The Leading Source for Global News and Information Covering the Ecosystem of High Productivity Computing
September 22, 2006
At the HPC User Forum meeting in Denver this week, David Probst was one of two industry experts asked to provide a larger perspective as representatives of organizations in China, Japan and the U.S. discussed their petascale initiatives. Probst is on the faculty of computer science and software engineering at Concordia University in Montreal. HPCwire caught up with him just before he left for Denver.
HPCwire: The U.S. and several other countries have petascale initiatives in play. How realistic is the dual goal of achieving sustained petaflops speed and substantially boosting productivity by 2010?
Probst: Is such a dual goal realistic in this timeframe? First, it's wrong to think of sustained petaflops and improved productivity as conflicting goals, although multiple trends in today's high performance computing certainly give that impression. We appear to be slowly but inexorably drifting towards less and less productive petaflops. With each new machine, additional shortfalls in programmability further strongly reduce programmer productivity, and hence further strongly inhibit innovative computational approaches that could be adopted by various groups that write software.
If unproductive petaflops is an eventual given, then perhaps what we really need are machines with vastly improved productivity but less than petaflops performance, and also machines that move us in tandem, as best they can, towards both petaflops performance and increased productivity.
To answer your question, we will probably have good ideas in 2010 about how new architectures, new languages, and new system software can be used to substantially increase productivity and ramp up performance on even quite demanding applications, but implementations will be partial at best.
However, no one guarantees that the people with clout will choose good architectures, good languages, and good system software. If the current HPC community gets to choose, then I suspect we will not have productive petaflops by 2010.
HPCwire: What's an appropriate definition for productivity in this context?
Probst: Productivity is an economic concept. Consider a mission agency that buys a computer and programs it. The utility obtained by the agency is some objective measure of mission impact -- did we substantially advance the mission? The cost incurred by the agency is just the total cost of ownership, which includes the usual things, such as acquisition, housing, power, etc., plus the cost of programming effort, measured in skill-person-hours. High productivity is simply a high ratio of utility to cost.
However, since both utility and cost are often time-dependent functions, sometimes high productivity can be a strong function of time to solution For example, consider a utility function that sharply decreases over time.
HPCwire: Can anyone really afford a general-purpose sustained petaflop system in the 2009-11 timeframe that several countries are targeting? By general purpose, I mean a system that can sustain petaflop performance on a reasonably broad spectrum of codes.
Probst: Well, "general purpose" is a fuzzy concept, since a computer is only more general purpose or less general purpose than some other computer. But, realistically, only one or two governments could possibly afford a truly general-purpose sustained petaflops computer. The less money you have, the more likely it is that you will be stuck with a machine that isn't really very general purpose at all.
Keep in mind that a cheap petaflops computer is likely to be a computer that is petaflops in name only. Initially, only a few government agencies will be able to afford the real deal. Perhaps we need to think of some kind of less-powerful, highly productive computing system that we can offer to the less wealthy -- perhaps something that sits on a desk.
From what I see, the conventional HPC community is sitting on its wallet. And government is conflicted because of fairy tales that were told to Congress in the past, most notably by the ASCI program managers.

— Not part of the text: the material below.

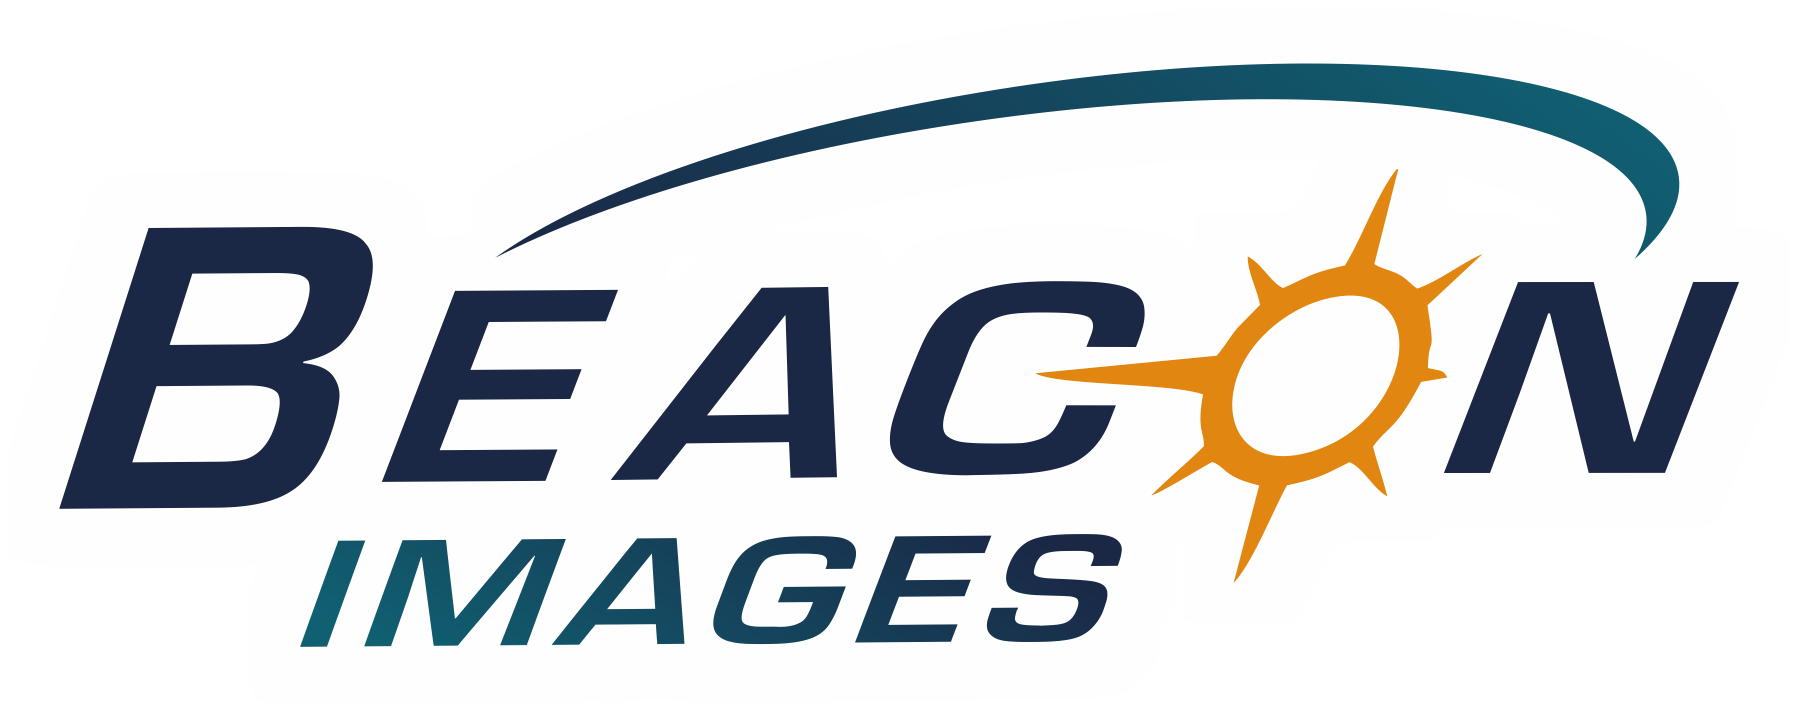 Beacon Images's Logo

HPCwire: Can anything be done to alleviate the costs of petascale systems while maintaining their usefulness?
Probst: A difficult question, but your formulation is agreeably precise. We can't make petaflops cheap; we can only make them cheaper. Please forgive me if I sometimes confuse design and parts costs with power costs; they are often closely related -- if not indistinguishable.
In a low-bandwidth system, processor costs dominate. Processor vendors are already throwing engineers at this problem. However, in a high-bandwidth system, to some extent memory and to a large extent system interconnect are the subsystems that contribute the lion's share of the system's hardware cost. Transistors are only free until you turn them on. Perhaps a good slogan is: Arithmetic is cheap but communication is expensive.
In a high-bandwidth system, most of the dollar budget goes into the system interconnect. Can one design a lower-cost interconnect? Sure, build one that uses as few expensive components as possible to implement a given massive amount of bandwidth. Then, extract as much performance as possible from that amount of bandwidth. But don't forget to bring your wallet; this won't be cheap!
In addition to controlling design and parts cost, we must also control programming-effort cost.
HPCwire: How important do you consider the issue of power consumption in designing petascale systems? As you know, some experts consider this the primary challenge.
Probst: While I take power to be an important challenge, it is only one of seven -- to pick a number at random. Focusing only on power seems to be very shortsighted. Actually, this is very similar to your earlier question. Let's look at power as one of "seven" challenges.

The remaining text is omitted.